We know that Eulers number $e$ can be expanded as $$e = 1 + 1 + \frac{1}{2!} + \frac{1}{3!} + \frac{1}{4!} ...$$
An extended definition for the powers of $e$ are: Equation 2
$$e^\lambda = \sum_{k=0}^{\infty}{\frac{\lambda^k}{k!}} $$
Which is something I learned recently in statistics, as it is used in the Poisson pmf.
I was hoping to find a nice story for how this ties into my understanding of Poisson distribution or Euler's number or what trickery was used to prove this infinite series as the common method for calculating the value of an infinite series by substitution fails here. Does anyone have a reference/proof of this infinite series expansion of the powers of $e$?
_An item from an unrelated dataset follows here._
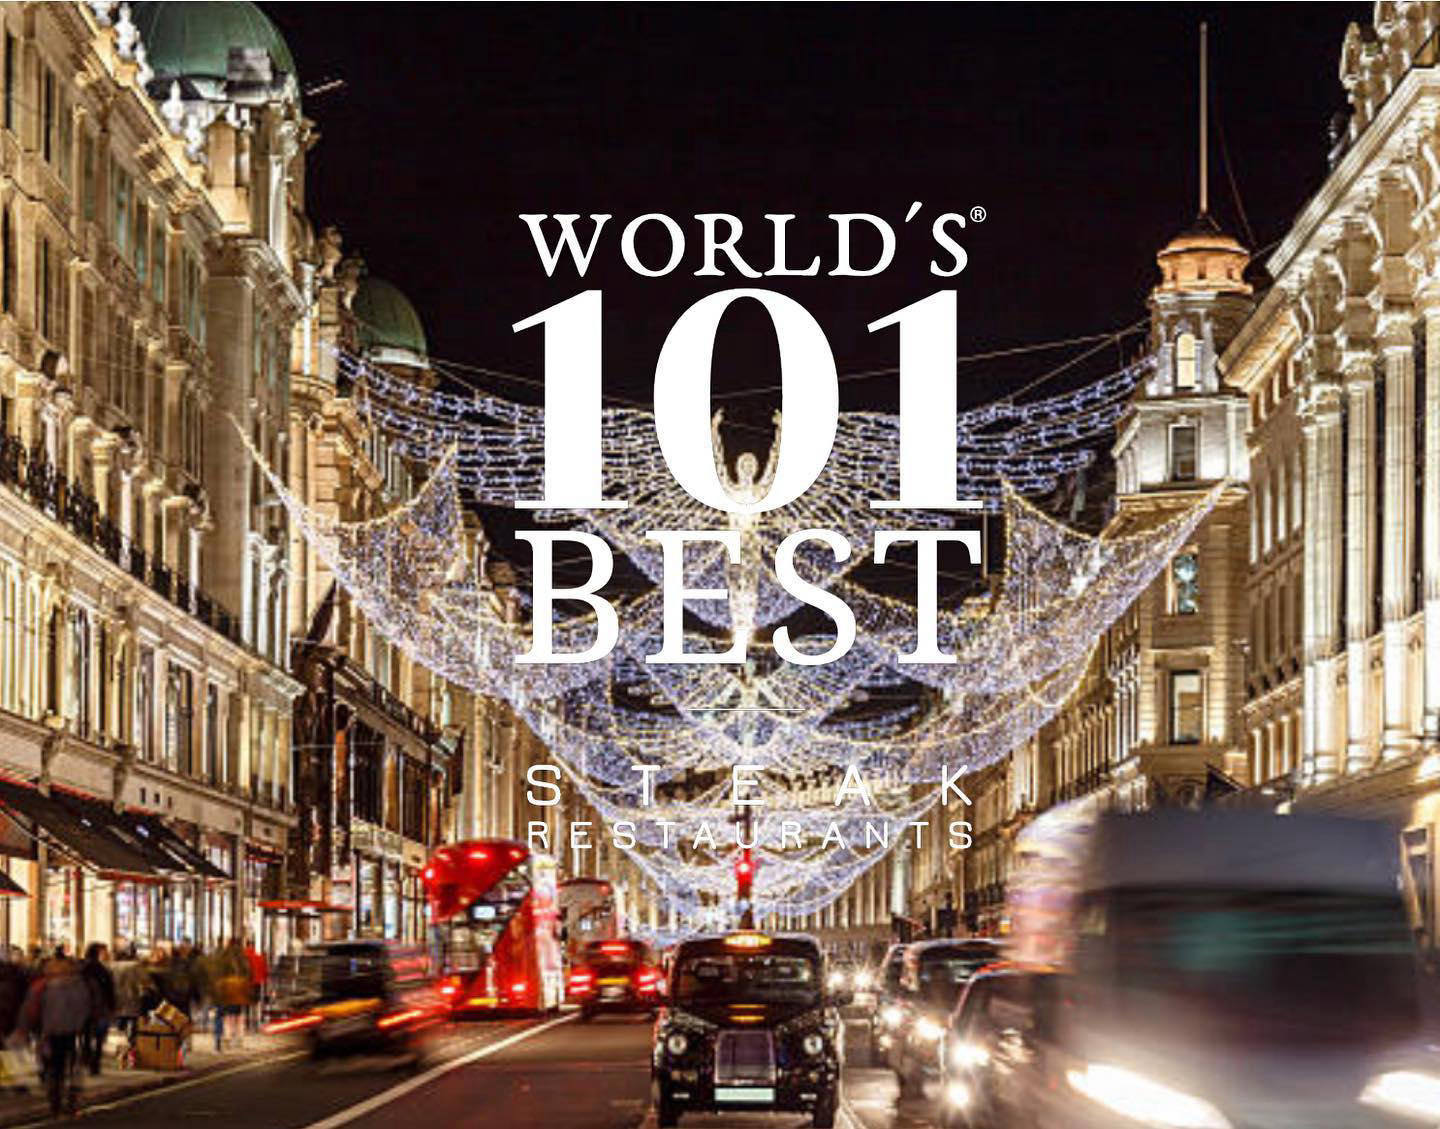 World's Best Steak Restaurants - Wishing you all a wonderful festive season and a splendid 2023

Edit: as suggested let me add context to narrow down the question and move it more towards stats than math oriented
The pmf of a distribution must sum to 1. The Poisson pmf is defined as the RHS of equation 2 above. To normalise it, it must be divided by a normalisation factor, which happens to be $\frac{1}{e^\lambda}$ I am trying to understand how the RHS which is well understood as the Poisson events, happened to sum to the LHS, and if there is causation there or just coincidence. Because if it is coincidence and we normalise every PMF value by a constant that is slightly off, it would screw up the entire pmf. And Poisson is used to work with small probability values and computationally the probability checks out, but there is nothing better than proof by numerical computation to some decimals?